Question

我是python和线程的新手。我编写了python代码，它充当网络爬虫，并在网站上搜索特定的关键字。我的问题是，如何使用线程同时运行我的类的三个不同实例。当其中一个实例找到关键字时，所有三个实例都必须关闭并停止对Web进行爬网。这是一些代码。

class Crawler:
      def __init__(self):
            # the actual code for finding the keyword 

 def main():  
        Crawl = Crawler()

 if __name__ == "__main__":
        main()

如何使用线程让Crawler同时进行三次不同的抓取？

Answer 1

似乎没有（简单）方法在Python中终止线程。

以下是并行运行多个HTTP请求的简单示例：

import threading

def crawl():
    import urllib2
    data = urllib2.urlopen("http://www.google.com/").read()

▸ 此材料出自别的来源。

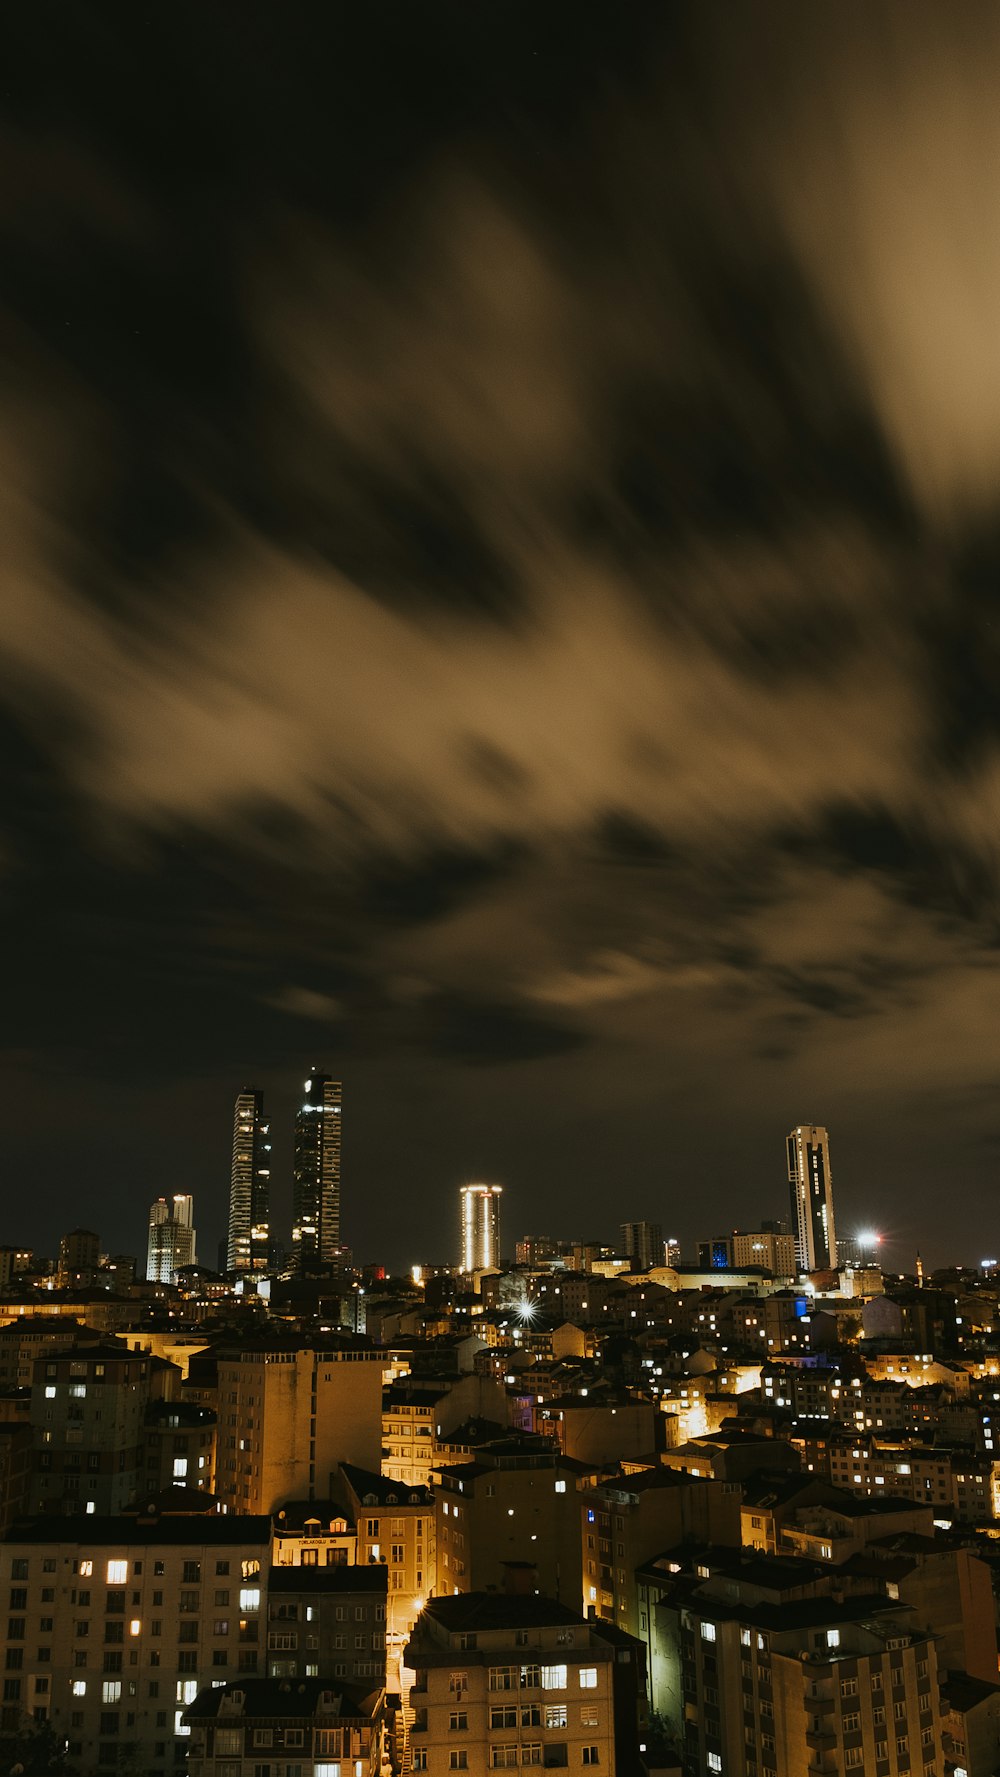 city skyline under gray clouds during night time

    print "Read google.com"

threads = []

for n in range(10):
    thread = threading.Thread(target=crawl)
    thread.start()

    threads.append(thread)

# to wait until all three functions are finished

print "Waiting..."

for thread in threads:
    thread.join()

print "Complete."

通过额外的开销，您可以使用更强大的multi-process aproach，并允许您终止类似线程的进程。

我已将示例扩展为使用它。我希望这会对你有所帮助：

import multiprocessing

def crawl(result_queue):
    import urllib2
    data = urllib2.urlopen("http://news.ycombinator.com/").read()

    print "Requested..."

    if "result found (for example)":
        result_queue.put("result!")

    print "Read site."

processs = []
result_queue = multiprocessing.Queue()

for n in range(4): # start 4 processes crawling for the result
    process = multiprocessing.Process(target=crawl, args=[result_queue])
    process.start()
    processs.append(process)

print "Waiting for result..."

result = result_queue.get() # waits until any of the proccess have `.put()` a result

for process in processs: # then kill them all off
    process.terminate()

print "Got result:", result

Answer 2

启动一个帖子很简单：

thread = threading.Thread(function_to_call_inside_thread)
thread.start()

创建一个事件对象，以便在完成后通知：

event = threading.Event()
event.wait() # call this in the main thread to wait for the event
event.set() # call this in a thread when you are ready to stop

事件触发后，您需要向抓取工具添加stop（）方法。

for crawler in crawlers:
    crawler.stop()

然后在线程上调用join

thread.join() # waits for the thread to finish

如果您进行任何此类编程，您将需要查看eventlet模块。它允许您编写“线程”代码，而没有线程的许多缺点。

Answer 3

首先，如果你是python的新手，我不建议面对线程。 习惯语言，然后处理多线程。

话虽如此，如果你的目标是并行化（你说“同时运行”），你应该知道在python中（或至少在默认实现中，CPython）多个线程不会真正并行运行，即使有多个处理器核心可用。阅读GIL（全球口译员锁）以获取更多信息。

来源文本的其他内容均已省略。